Carls Franchise · 2024 FDDAnswer from 2024 FDD Document
In addition, if this Agreement is terminated following Franchisee's default, since it would be difficult, if not impossible, to determine the amount of damages that CJR will suffer as a result of Franchisee's breach, unless waived by CJR in its sole discretion, Franchisee immediately shall pay CJR, as damages and not as a penalty, the royalty fee that Franchisee would have paid during the period ("Damages Period") from the effective date of termination to the earlier of: (1) the 3-year anniversary of the effective date of termination; or (2) the date on which the Initial Term was scheduled to expire.
The amount of such royalty fee during the Damages Period will be calculated by multiplying the average weekly royalty fee owed by Franchisee for the 52-week period prior to the effective date of termination by the number of weeks in the Damages Period.
The obligation to pay this royalty fee survives termination of this Agreement and is in addition to, and not in lieu of, Franchisee's obligation to fully comply with its obligations under Section 20.C. following termination of this Agreement.
Source: Item 22 — CONTRACTS (FDD page 80)
What This Means (2024 FDD)
According to Carls's 2024 Franchise Disclosure Document, if the franchise agreement is terminated due to the franchisee's default, Carls requires the franchisee to pay a royalty fee as damages for a period called the "Damages Period." This period extends from the termination date to the earlier of two dates.
The first potential end date for the Damages Period is the 3-year anniversary of the termination date. The second is the date on which the initial term of the franchise agreement was originally scheduled to expire. Therefore, the maximum length of the Damages Period is three years from the termination date.

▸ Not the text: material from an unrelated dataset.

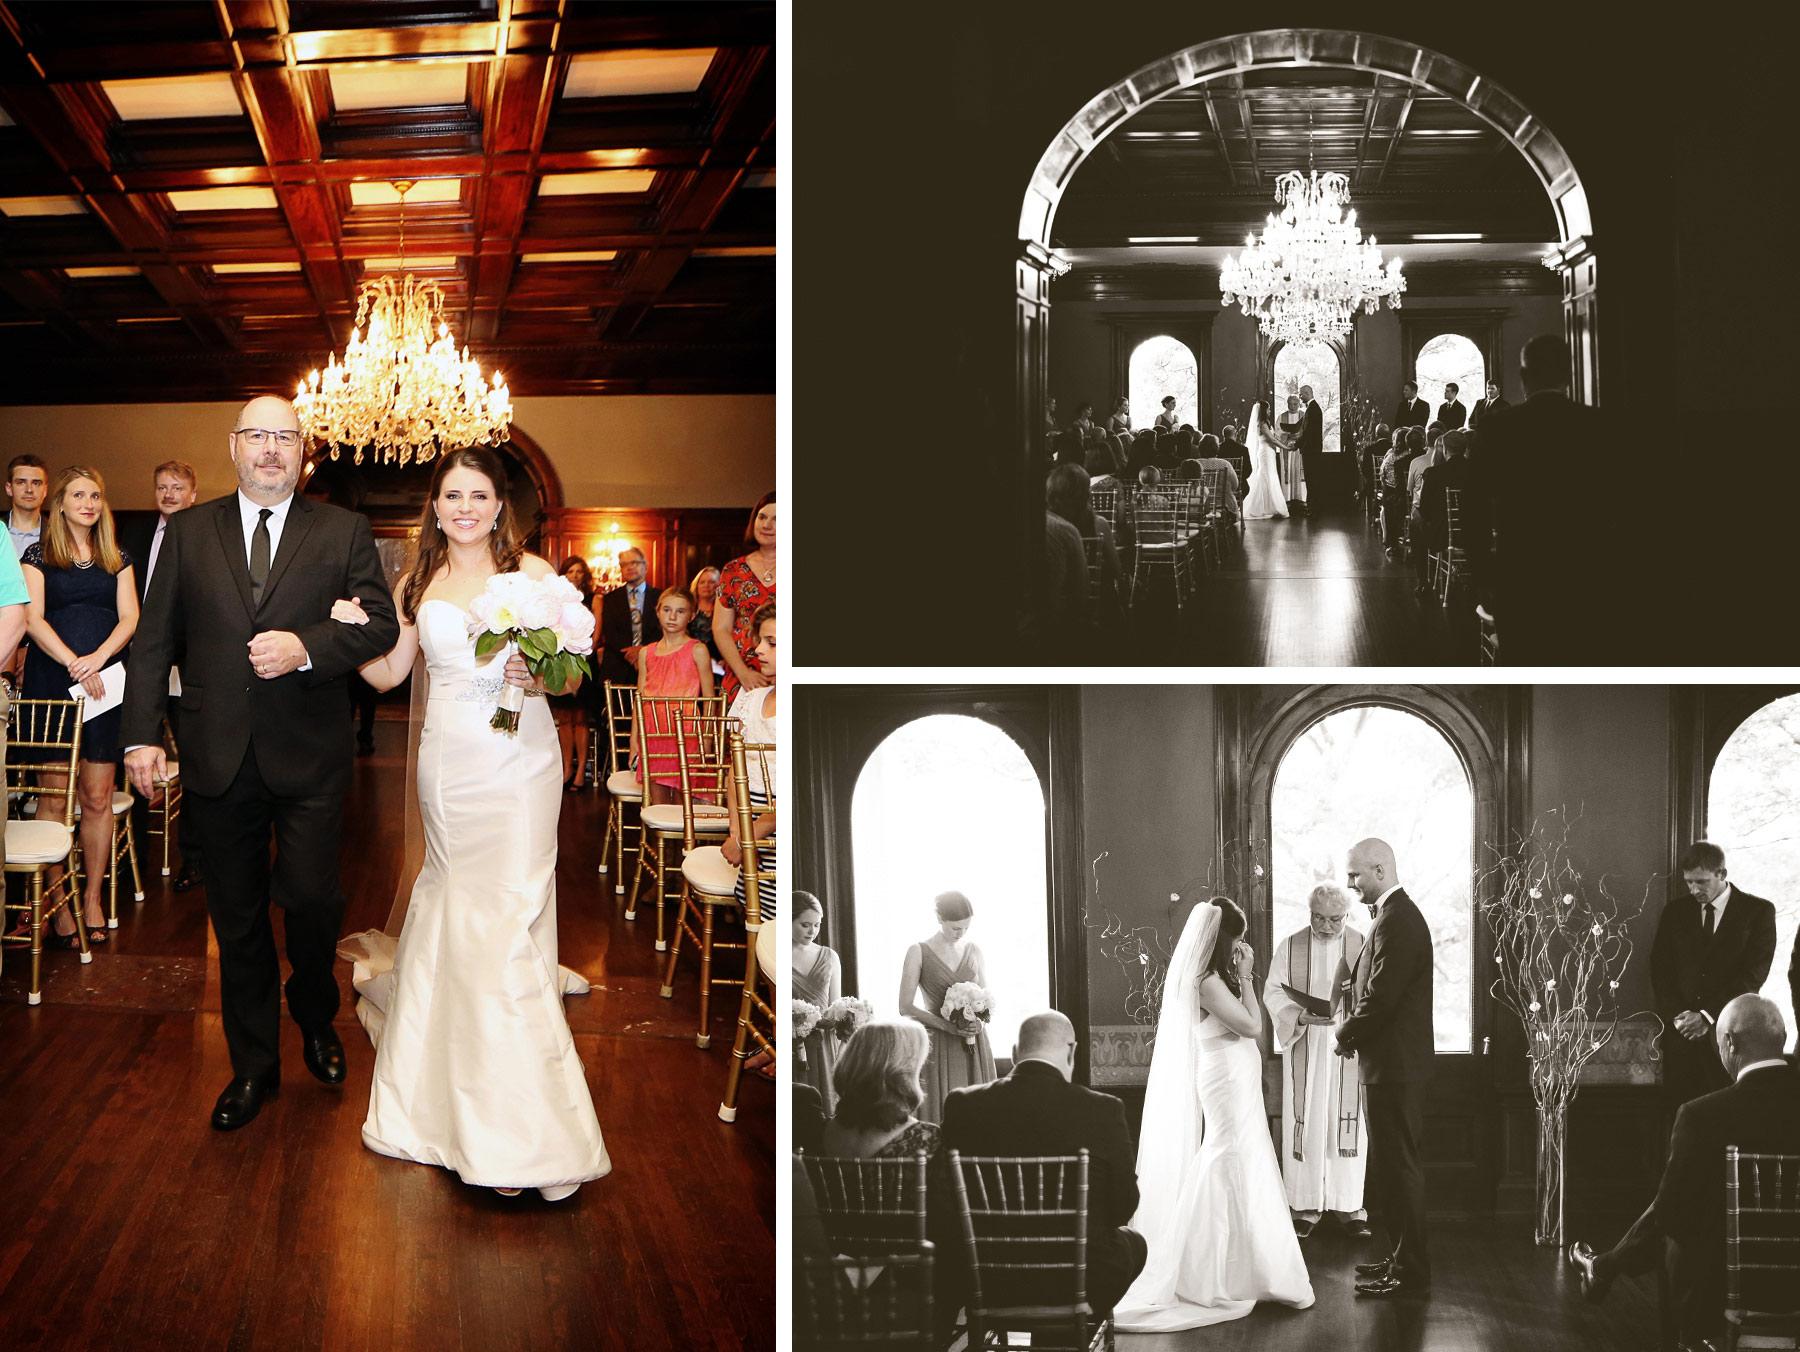 08-Minneapolis-Minnesota-Wedding-Photography-by-Vick-Photography-Semple-Ceremony-Mansion-Nikki-and-Matt.jpg

This royalty fee is calculated based on the average weekly royalty fee owed by the franchisee during the 52-week period before the termination date, multiplied by the number of weeks in the Damages Period. It's important to note that this obligation to pay the royalty fee survives the termination of the agreement and is in addition to any other obligations the franchisee has under Section 20.C of the agreement following termination.